* _REQUIRED ACTION_: Below are the entries. Print only the lines starting at the one with "Amphora Large Vase, Handblown" and ending at the one with "Tim Holtz Distress®", exactly, with no pictures.

* _RECORDS PROVIDED_:
= Beginning of Section =
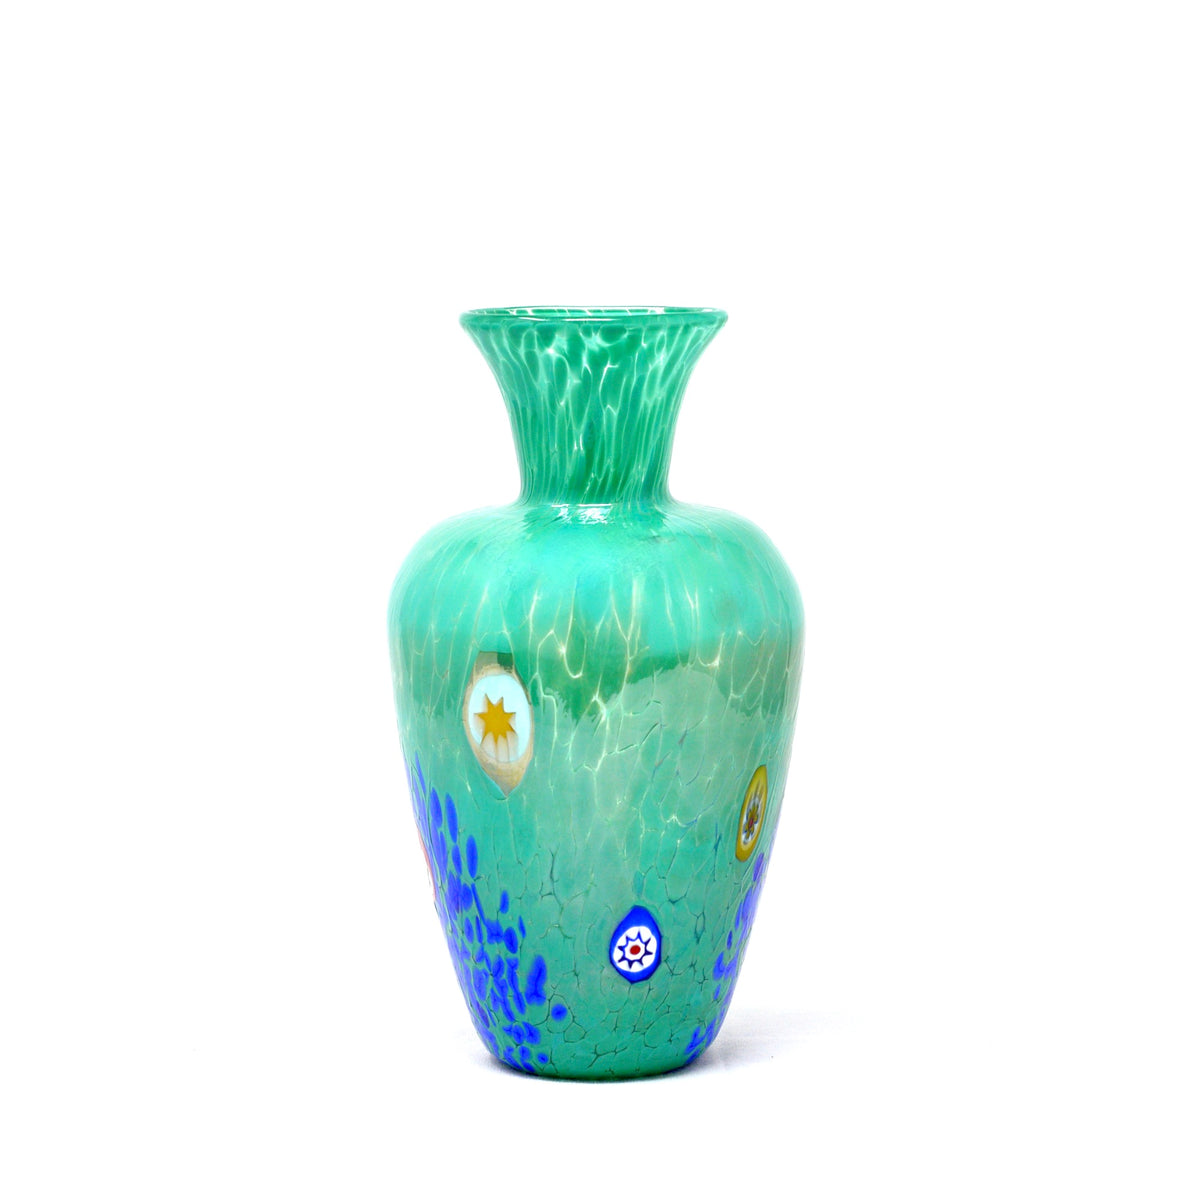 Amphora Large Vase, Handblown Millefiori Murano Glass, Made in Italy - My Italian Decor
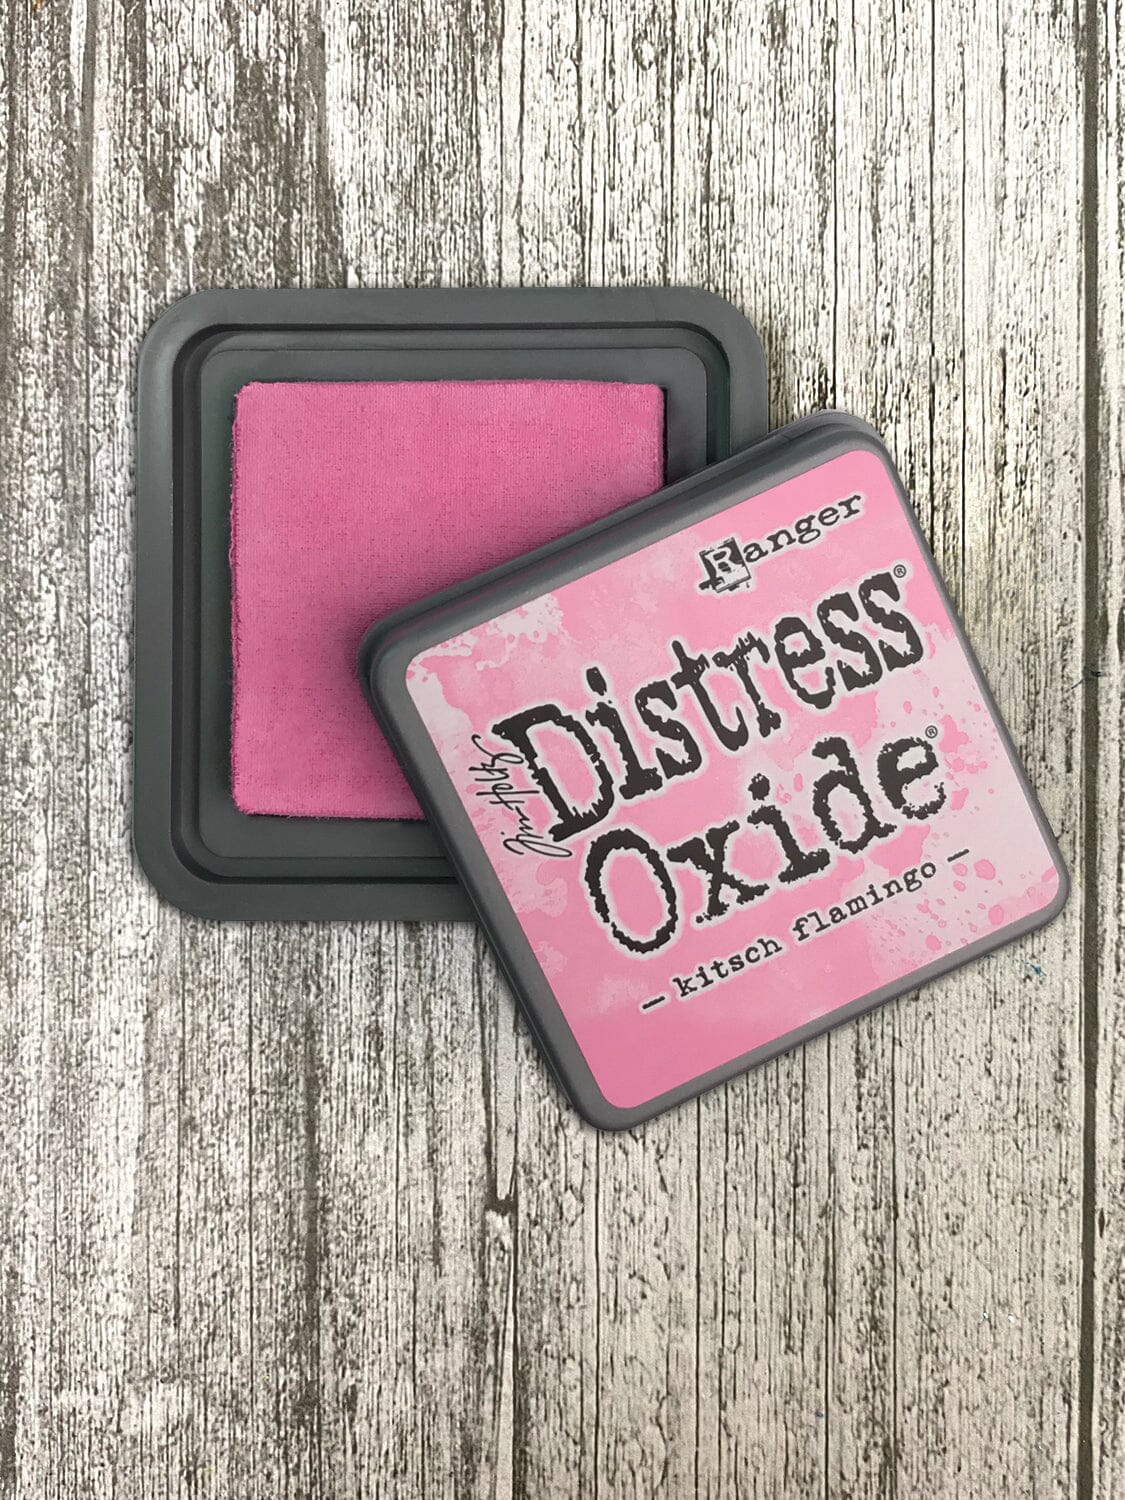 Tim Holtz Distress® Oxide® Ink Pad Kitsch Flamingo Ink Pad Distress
= End of Section =
= Beginning of Section =
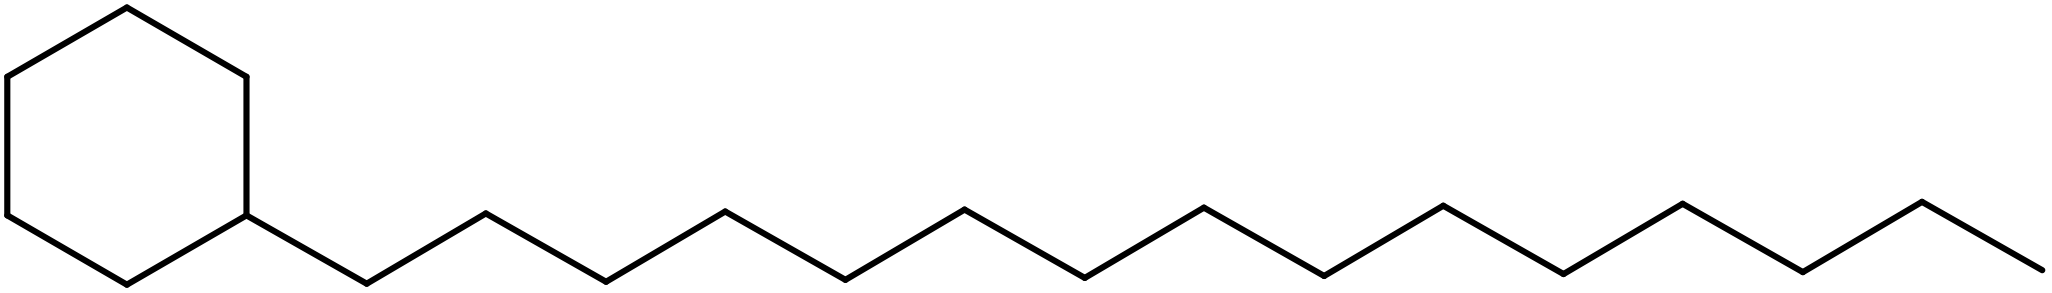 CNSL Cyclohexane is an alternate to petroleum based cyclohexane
= End of Section =
= Beginning of Section =
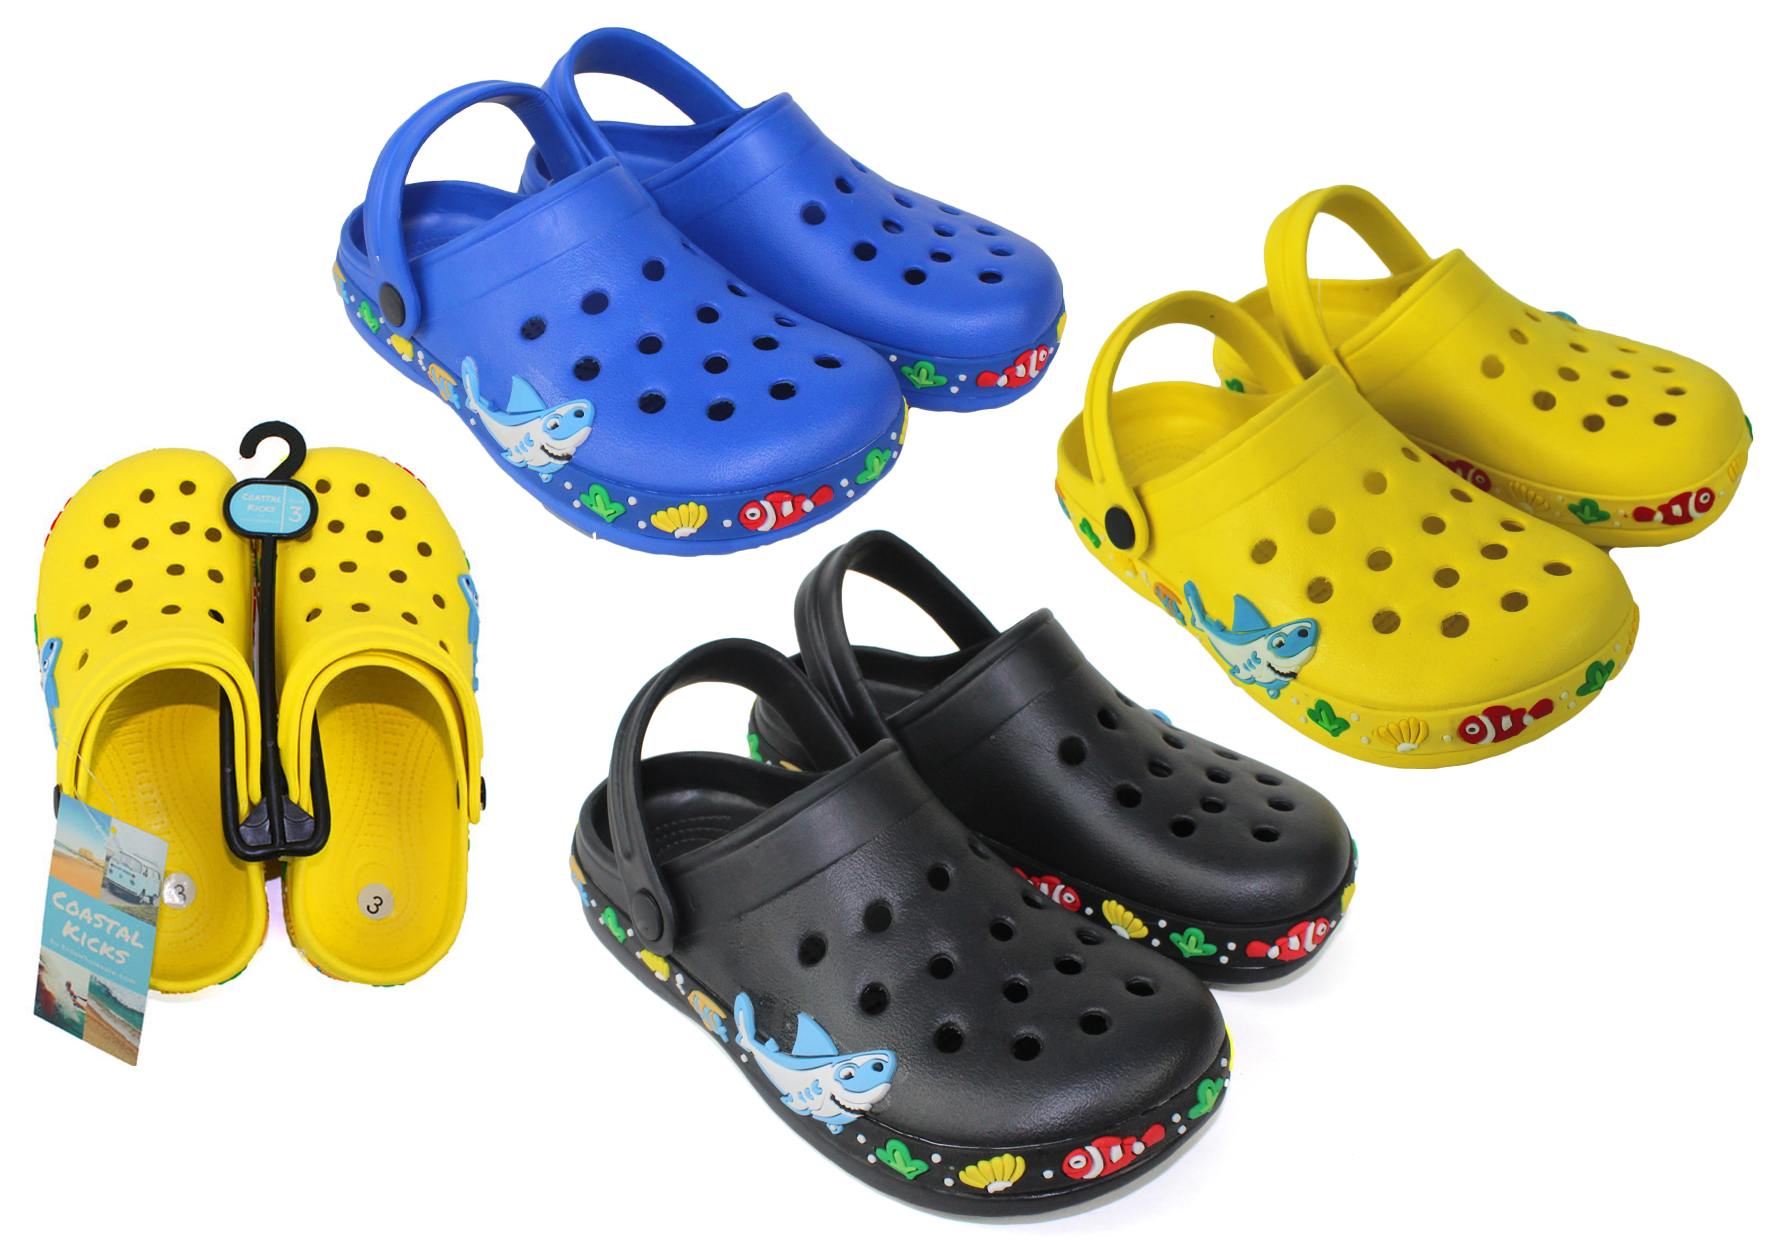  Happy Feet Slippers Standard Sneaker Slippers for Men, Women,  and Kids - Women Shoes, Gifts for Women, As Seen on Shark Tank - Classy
= End of Section =
* _TASK ANSWER_:
 Amphora Large Vase, Handblown Millefiori Murano Glass, Made in Italy - My Italian Decor
 Tim Holtz Distress® Oxide® Ink Pad Kitsch Flamingo Ink Pad Distress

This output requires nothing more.